Originally proposed at Wikidata:Property proposal/Property metadata

   Not done
Descriptionidentification of Wikimedia page revision
Data typeNumber (not available yet)
DomainWikimedia page
Allowed valuesrevision identifier
Exampleimported from Wikimedia project (P143)English Wikipedia (Q328) → 1234
Planned useTo specify the exact revision identifier of a Wikimedia page
Formatter URLhttps://www.wikidata.org/w/index.php?title=Wikidata:Main_Page&oldid=$1, https://en.wikipedia.org/w/index.php?title=Main_Page&oldid=$1 etc.
See alsowiki Page Revision ID by Dbpedia
Motivation

Currently bots make use of imported from Wikimedia project (P143) to specify the source of information. For example, when some property values are extracted from a English Wikipedia page, imported from Wikimedia project (P143) is used as a property along with the item English Wikipedia (Q328). When it's manually set, property stated in (P248) is used. Currently we are not tracking the exact revision identifier of the Wikipedia page used as a reference for the (extracted) information. The proposed property can be used as a qualifier to specify the exact identifier. Jsamwrites (talk) 15:33, 27 May 2017 (UTC)[reply]

Consider the case when information is extracted from a Wikipedia page and fed to Wikidata. imported from Wikimedia project (P143) can be used to specify the Wiki page. Let's assume there are conflicting information concerning a property value in two wiki revisions, A and B. Wikidata editor/Bot extracted the value from Wiki revision A and updated Wikidata. Meanwhile, wikipedia editors has updated the property value (article) in revision B. A user coming to Wikidata must be able to conclude that the property value may be stale since the information was from revision A and Wikipedia has undergone changes and is currently in revision B. The user can update the Wikidata entry, if needed. Jsamwrites (talk) 17:50, 22 August 2017 (UTC)[reply]

Discussion
  • The problem is that imported from Wikimedia project (P143) doesn't really tell people where a fact comes from. It could come from many different places on a specific Wikipedia. It doesn't allow a reader to check the provenance of data.
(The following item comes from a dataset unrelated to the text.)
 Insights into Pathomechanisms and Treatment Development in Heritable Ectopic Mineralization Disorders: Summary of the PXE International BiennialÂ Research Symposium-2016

This means there's no good way for a bot to tell that if a fact gets removed from a Wikipedia it also should be deleted from Wikidata. It can also make it hard when we find in Wikidata that a value we imported was wrong to go and fix the error in the Wikipedia. ChristianKl (talk) 20:39, 28 May 2017 (UTC)[reply]
    I believe that is Multichill's point. It is a pointer that we utilised at a time of the creation of the data; it is an artefact of the process at that time, not the means we should be using now. We can and should do better.  — billinghurst sDrewth 02:44, 29 May 2017 (UTC)[reply]
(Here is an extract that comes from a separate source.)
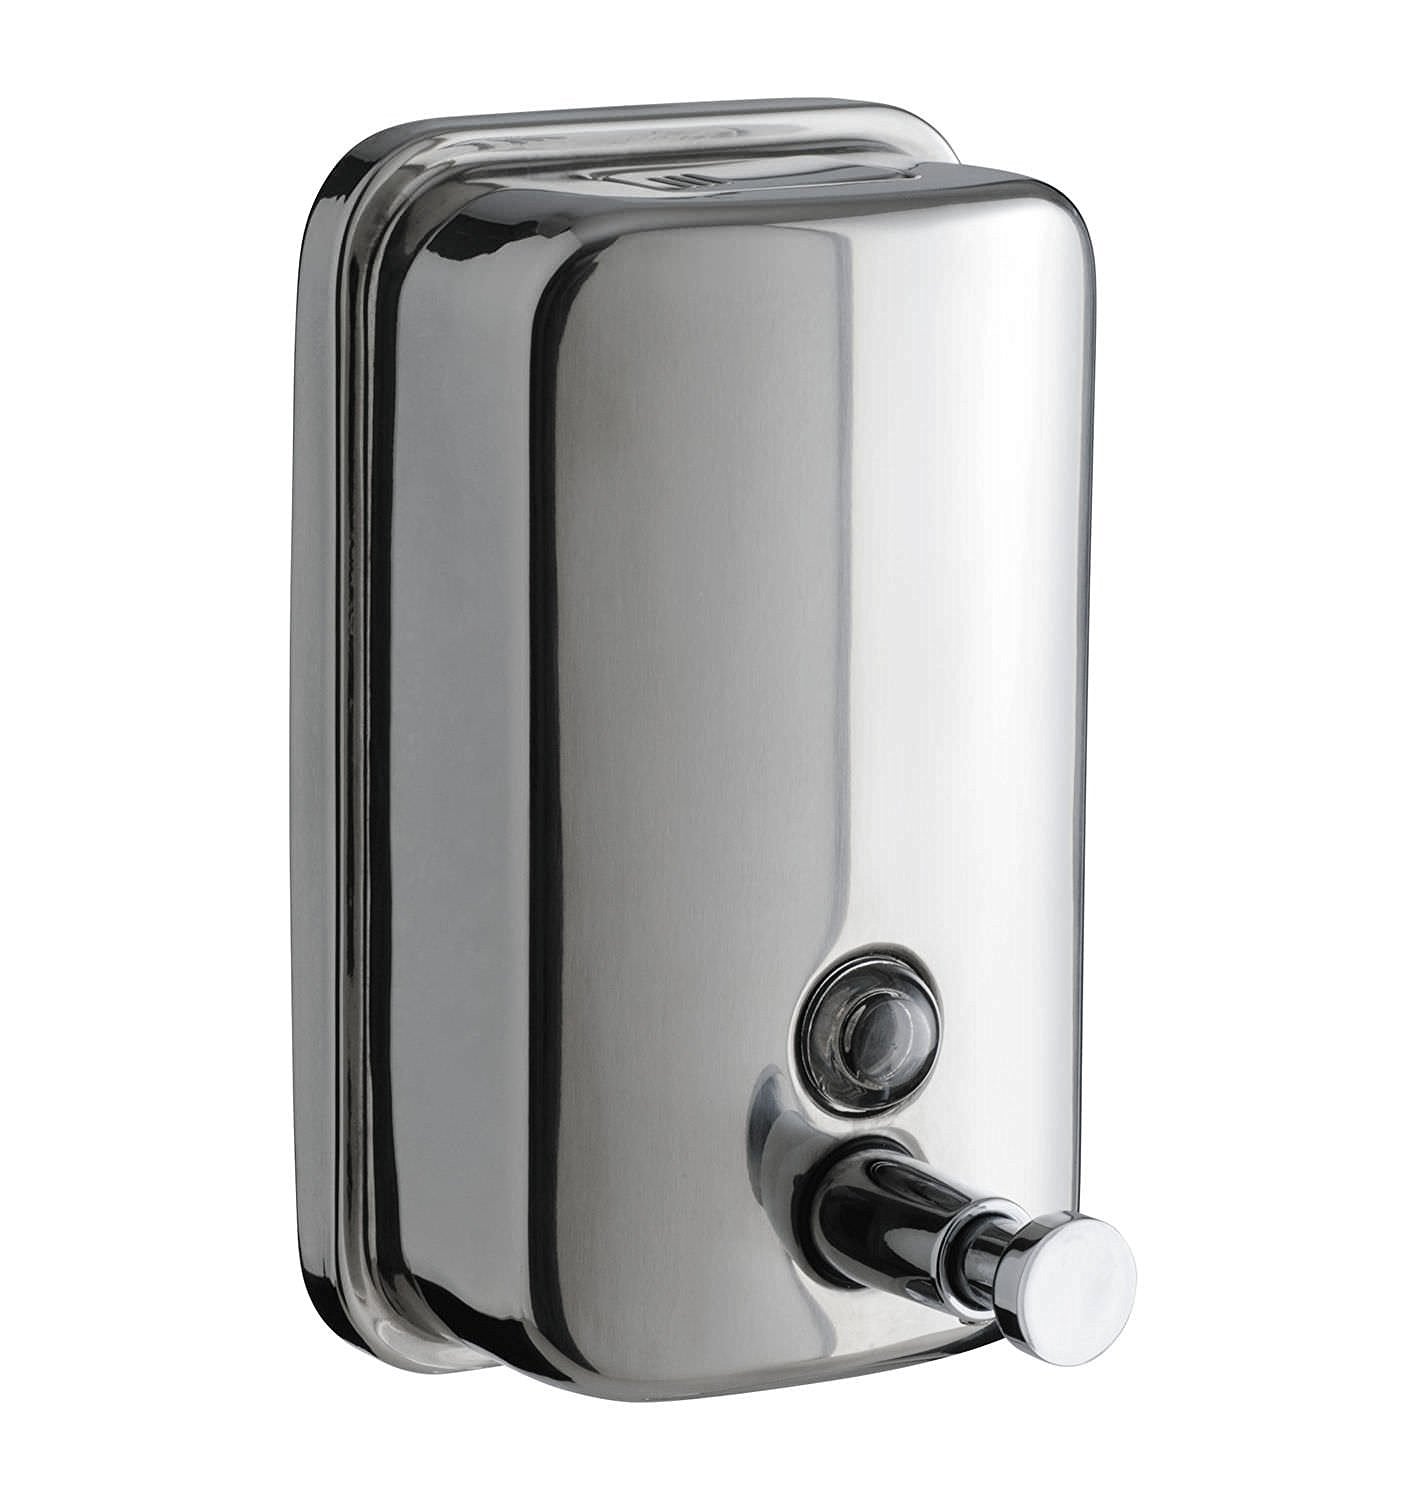 Stainless steel soap dispenser wall mounted

We still import new data from Wikipedia into Wikidata. Of course, it's better to enter data by hand with proper references but in many cases the work of entering data by hand is a completely different project than a quick import. If a person wants to copy the proper citation from EnWiki, they might not know which EnWiki pages holds the citation information. ChristianKl (talk) 11:37, 30 May 2017 (UTC)[reply]
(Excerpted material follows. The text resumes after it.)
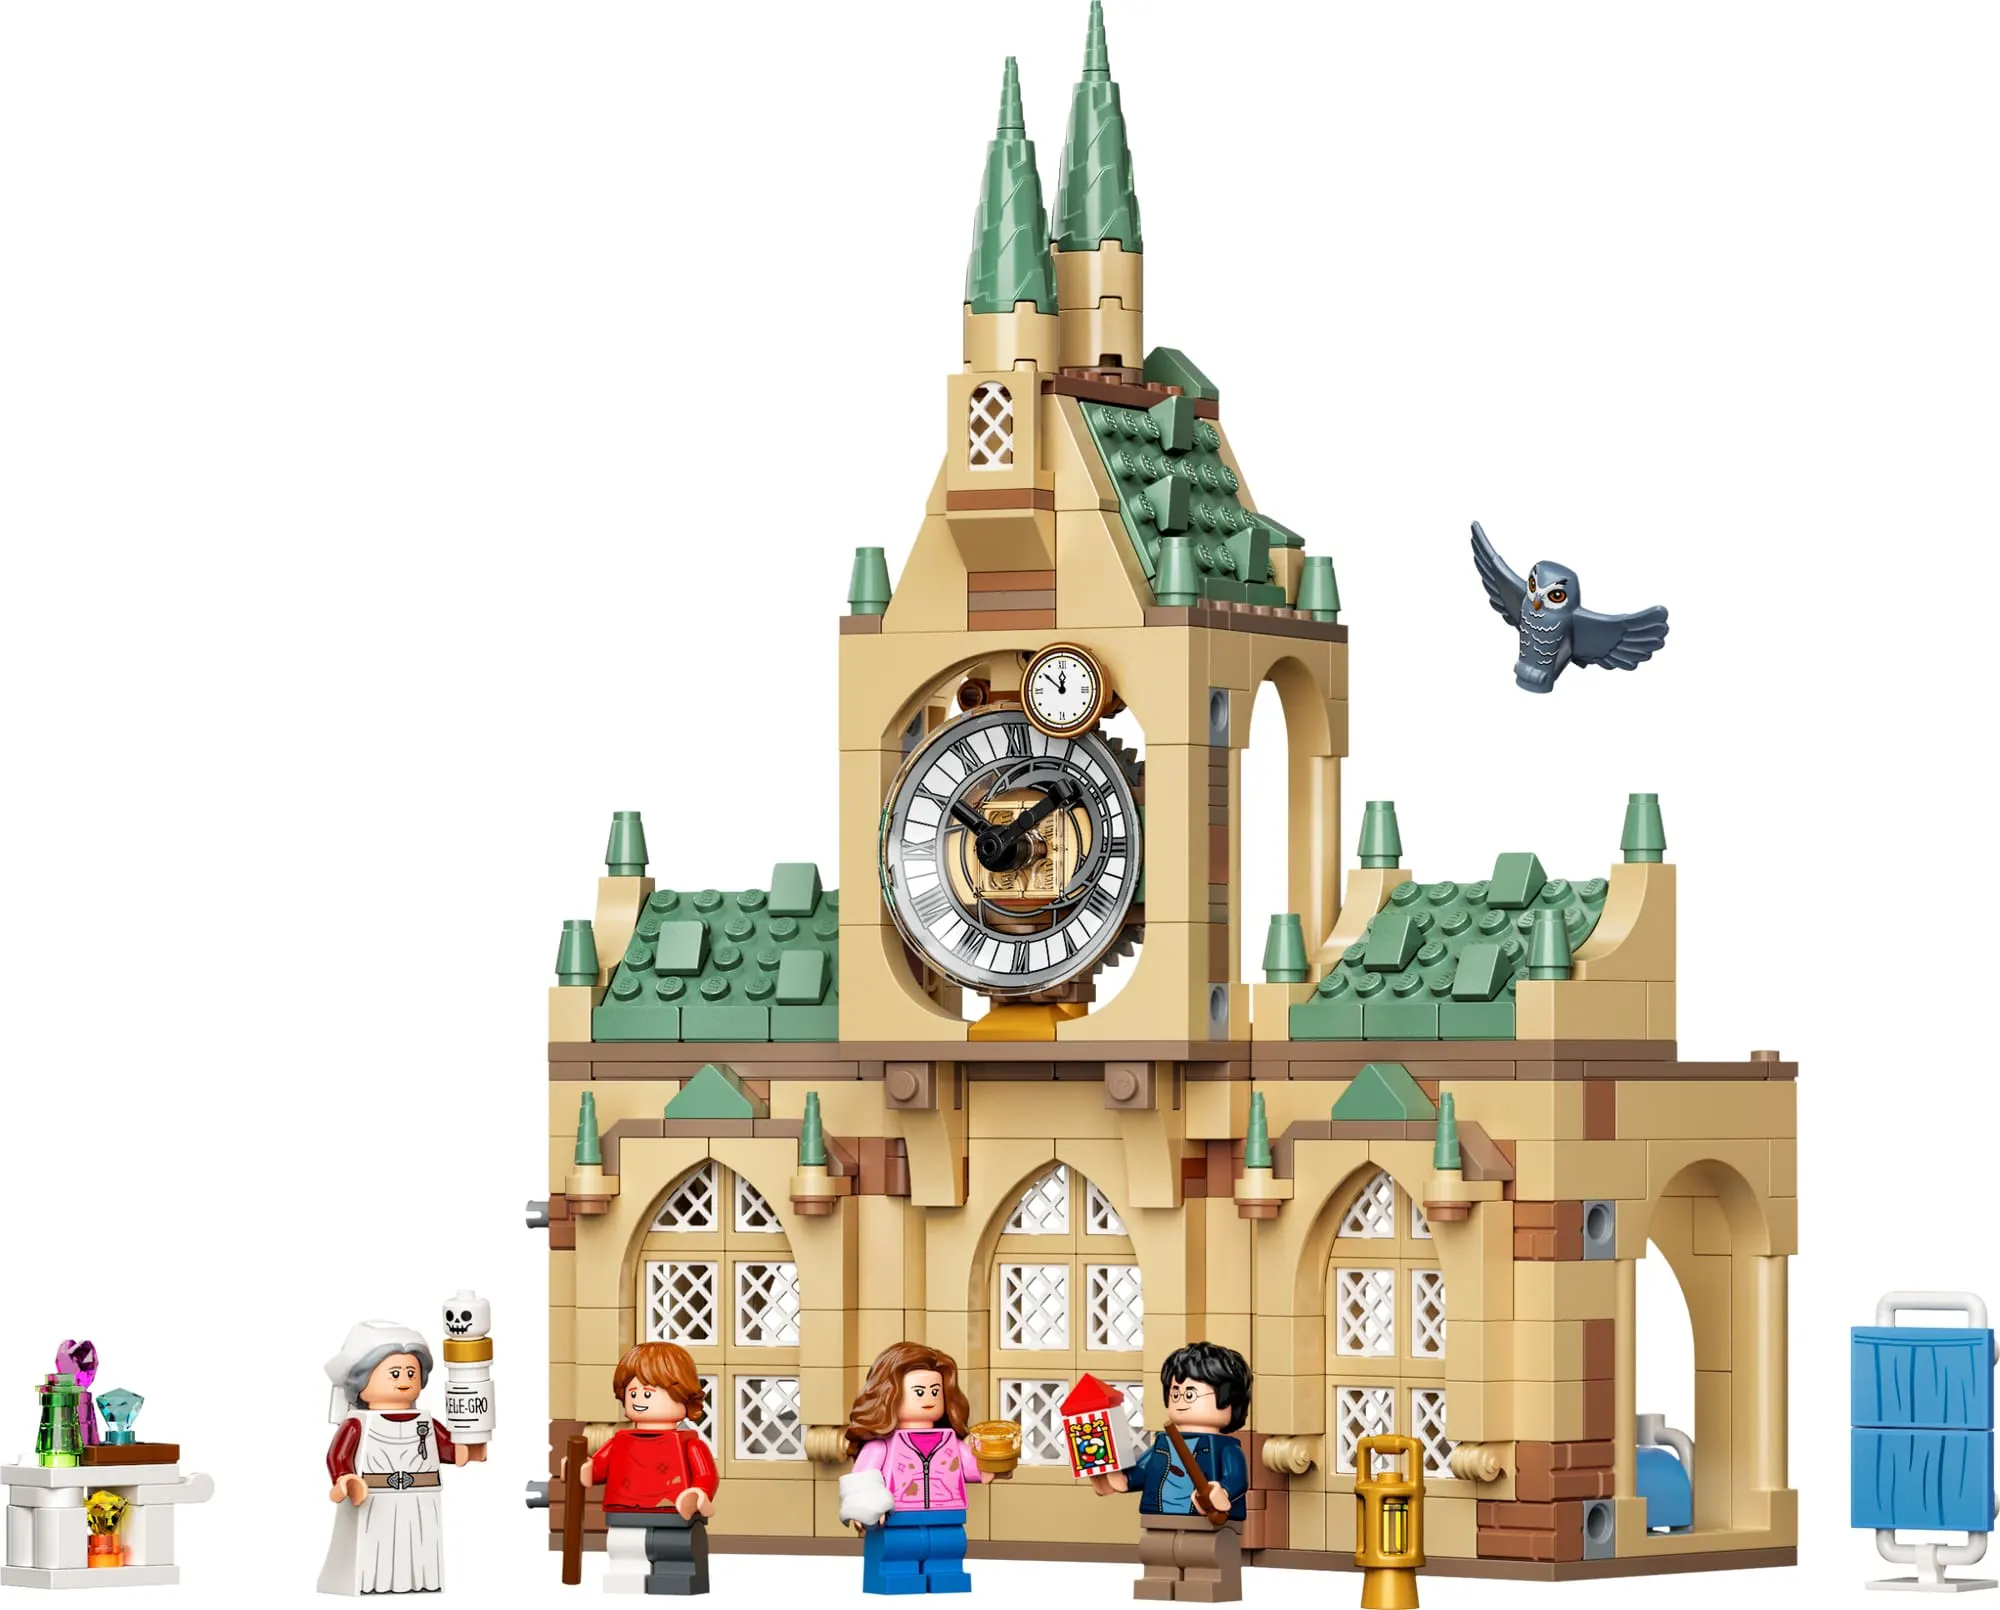 LEGO Harry Potter New Products for March. 1st 2022 | Hospital, Books and more

I agree with ChristianKl. There are a lot of tools that are currently available which make use of imported from Wikimedia project (P143) and sadly they are not tracking the exact version of the Wikipedia page. Thereby, we lose the exact source of information. Even considering Multichill's comment that imported from Wikimedia project (P143) is a short term solution, we are still losing the track of very important piece of information regarding the correct permalink page. However, it's not a vague pointer as pointed by billinghurst. Revision identifiers are commonly used even in source code versioning system to point to a particular commit. Luckily all Wikimedia properties give us the revision identifiers and it is left to us to make use of it while developing (import) tools. Jsamwrites (talk) 18:01, 30 May 2017 (UTC)[reply]
It can be used similar to "pages". Not redundant if one want to specify exact version.
URL formatter could be used to "compare" what was changed.
Bots would appreciate this property even more than humans because Wikipedia/Wikidata dumps are periodic.
There is another property Wikimedia database name (P1800), which uses Wikimedia in its name (English). In this way, we are tracking all Wikimedia revision numbers. Jsamwrites (talk) 17:20, 7 June 2017 (UTC)[reply]
Hi d1g, I changed the datatype to Integer.